Казалось, что инспектор архиепископа особенно пристрастно относится к маленькому Пьетро. А лучше сказать, давняя неприязнь, которую он питал к отцу Верани, превращала любимца аббата в мишень для его нападок. Как только настоятель узнал о необыкновенных способностях Пьетро, он тут же запретил изображать что-либо на бумаге, дереве, холсте и тем более на стенах, арках и других поверхностях внутри Воспитательного дома. И разумеется, конфисковал все инструменты, которые могли бы сгодиться для подобных целей. Так и получилось, что стоило сестре Марии услышать голос Северо Сетимьо, она бросалась уничтожать все следы богомерзких упражнений Пьетро. Отец Верани самоотверженно старался отвлечь инспектора, чтобы дать монашке время очистить стены, спрятать самодельные инструменты маленького художника и вымыть ему руки, потому что грязь под ногтями неопровержимо свидетельствовала о совершенном преступлении. И все-таки, хотя у настоятеля не всегда получалось собрать достаточное количество улик, он знал, что отец Верани потакает рискованным занятиям Пьетро. И уж конечно, остаться совсем без наказания любимчику аббата никогда не удавалось.

Отец Верани понимал, что если какая-нибудь милосердная душа не сжалится над маленьким Пьетро и не возьмет его под свое покровительство, то, когда мальчик достигнет положенного возраста, Северо Сетимьо не колеблясь отправит его в Дом мертвецов.

 

III

В тот день, когда Франческо Монтерга впервые увидел любимца аббата, он никак не мог справиться с удивлением, наблюдая, с какой ловкостью малыш водит углем по холсту. Мальчик встал, посмотрел на старого мастера и поклонился. Тогда отец Верани сделал ему едва заметный знак одним движением бровей. Не говоря ни слова, маленький Пьетро взял простой лист бумаги, вскарабкался на стул, встал на колени и оказался как раз вровень с поверхностью стола. Он вгляделся в лицо мастера, потом осмотрел его с головы до ног. Франческо Монтерга был человек внушительных размеров. Его обширный выдающийся живот несколько скрадывался за счет высокого роста.
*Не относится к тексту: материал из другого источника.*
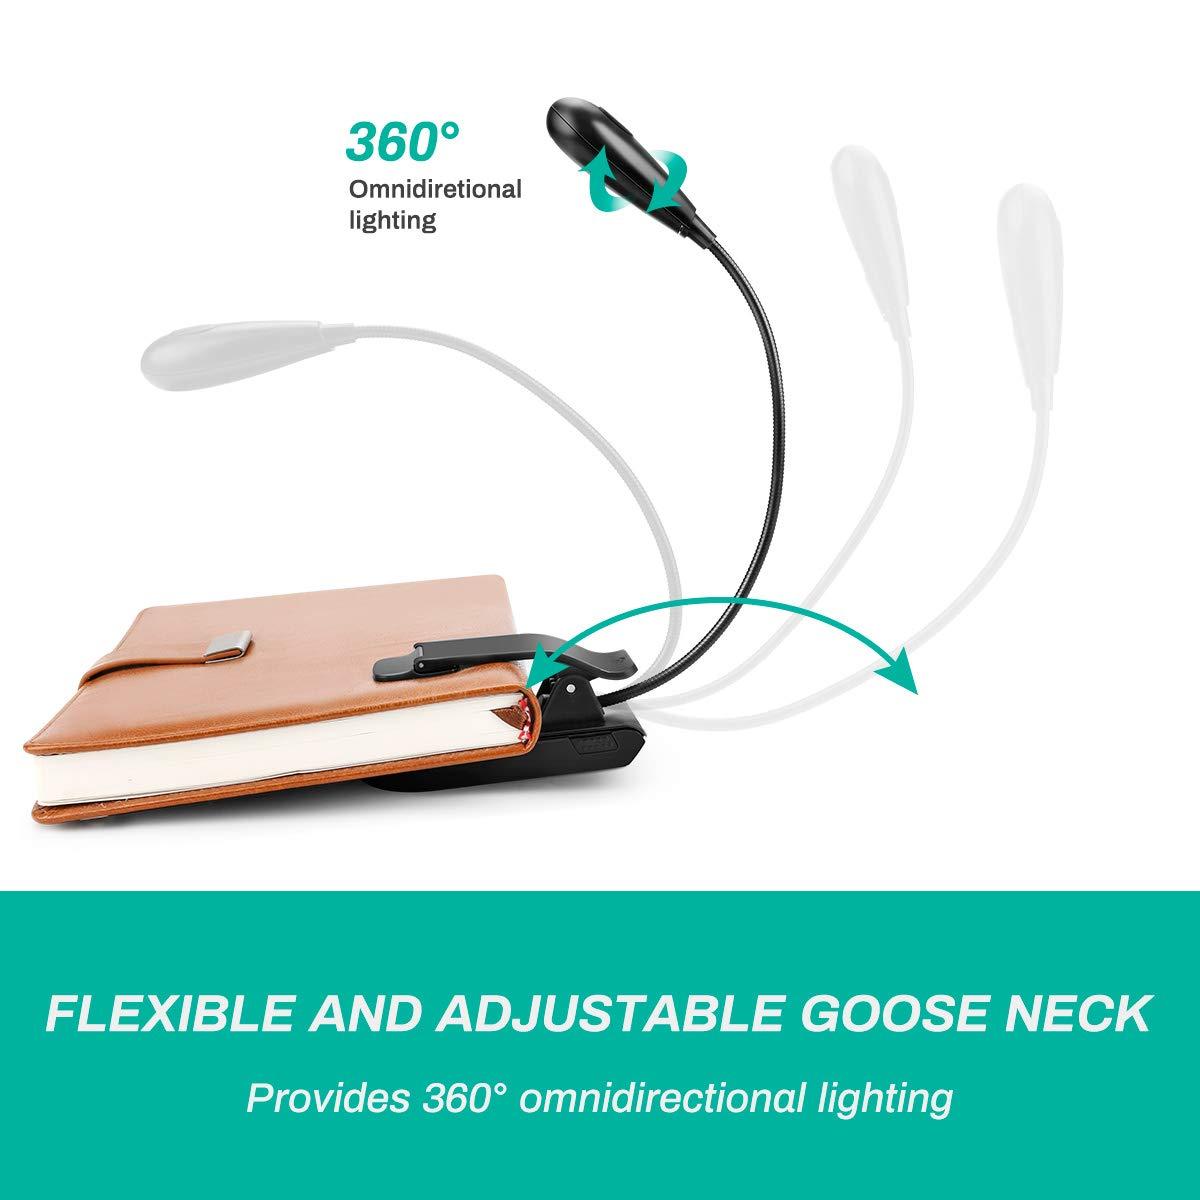 Bett LED Klemmleuchte,7 LED Buchlampe,3 Farbtemperatur Buch USB Wiederaufladbare LED Leselampe f/ür B/üro Musikst/ände 360/° Flexibel 3 Helligkeit eBook Reader Laelr Leselampe Buch Klemme
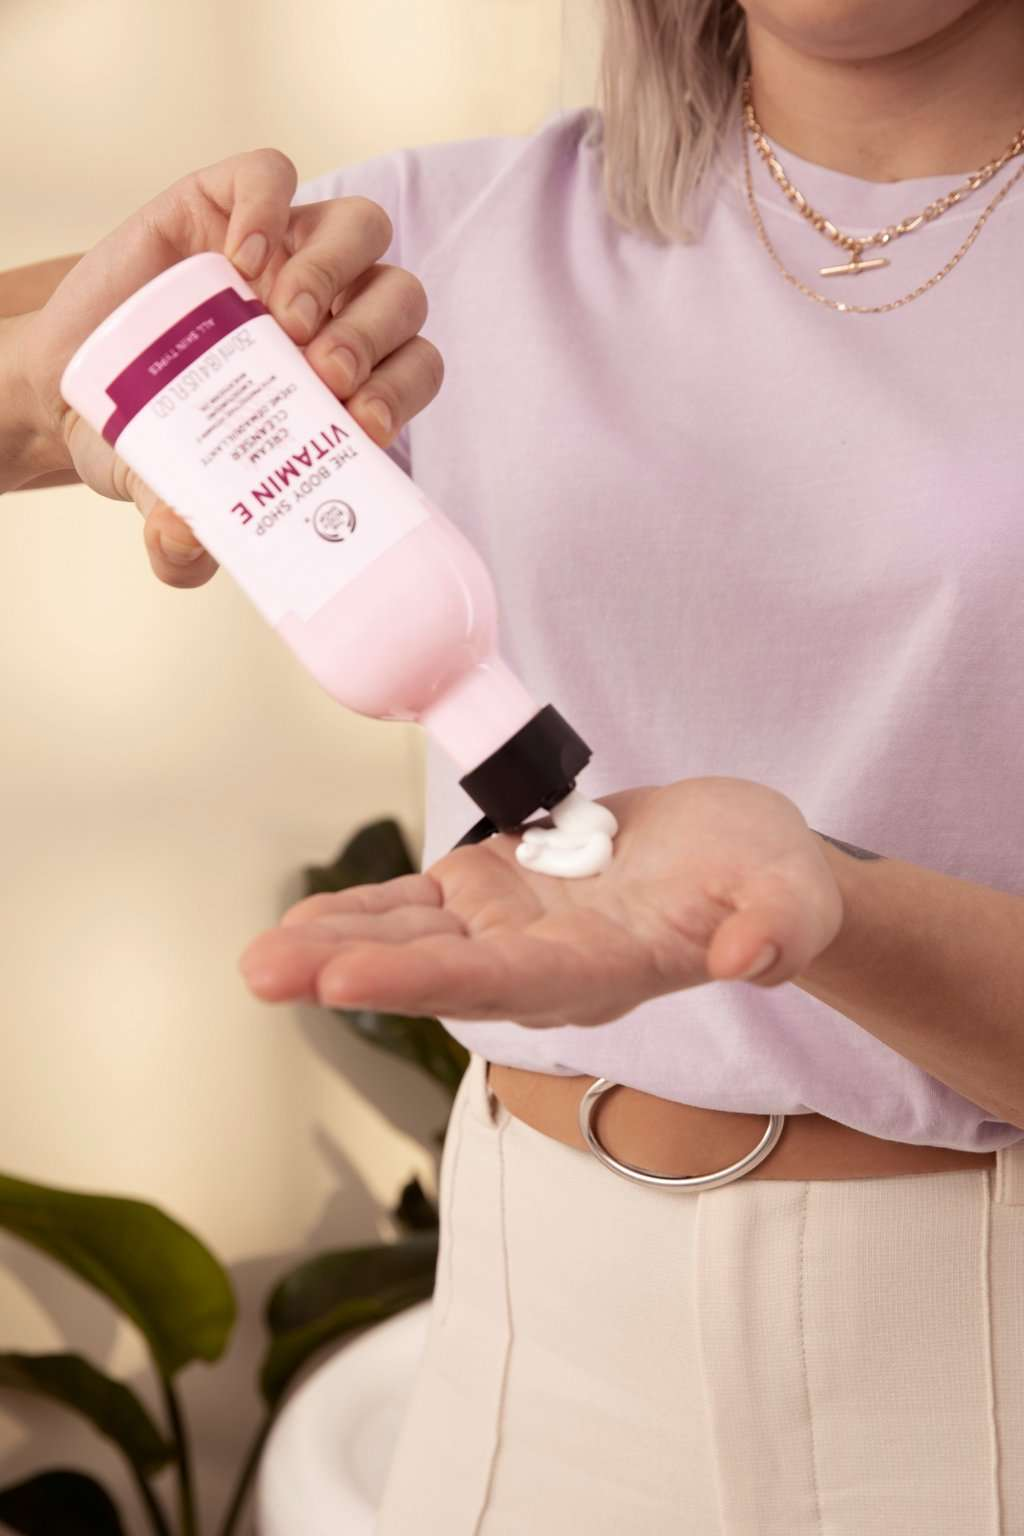 Une femme versant de la crème nettoyante d'une bouteille

Огромная безволосая голова больше всего походила на глыбу полированного мрамора. Серая всклокоченная борода придавала ему благостный и одновременно пугающий вид. В целом внешность флорентийского мастера внушала почтение. Правда, этому облику лесовика-дровосека никак не соответствовали голос и мимика: говорил он тонким голоском, с какой-то жеманной интонацией. Его длинные худые пальцы все время находились в движении, а большие руки сопровождали каждое слово широким жестом. Если что-то приводило мастера в замешательство, он не мог удержаться от нервного подмигивания. И тогда его глубокие карие глаза наполнялись неуверенностью, взгляд становился робким и бегающим.

Именно так он и выглядел в тот момент, когда неожиданно для себя стал моделью для юного художника. Мальчик сжал уголь своими крошечными пальцами и приготовился к работе. Франческо Монтерга, побуждаемый нехорошим любопытством, резко мотнул головой и стал смотреть в другую сторону. Взгляд Пьетро сосредоточился на бумаге, лишь изредка мальчик поднимал глаза на мастера — казалось, перемена позы нисколько его не заботит. Раньше, чем свечка на столе успела догореть до конца, малыш уже закончил свой рисунок. Он спустился со стула, подошел к Монтерге, протянул ему листок и снова поклонился. Мастер посмотрел на портрет и подумал, что глядится в зеркало. Пьетро бросил на лист всего-навсего пригоршню штрихов, но этого оказалось достаточно, чтобы точно передать сходство с оригиналом. Под рисунком была выведена изящная надпись: «Francesco Monterga Florentinus Magister Magistral» . Сердце художника забилось чаще, и хотя Франческо Монтерга был мужчиной сильным и сдержанным, глядя на рисунок, он понял, что растроган. Никогда раньше не получал он подобных знаков внимания: ни один из его коллег не взял на себя труд создать его портрет. Да и сам художник ни разу не побаловал себя автопортретом. Поэтому вышло так, что он в первый раз видел свое лицо — если не считать отражения в треснувшем зеркале в его доме. И несмотря на то, что во Флоренции Франческо Монтерга был человеком с солидной репутацией, никто раньше не жаловал его титулом Magister Magistral. И теперь, созерцая свой портрет, художник впервые в жизни задумался о грядущем.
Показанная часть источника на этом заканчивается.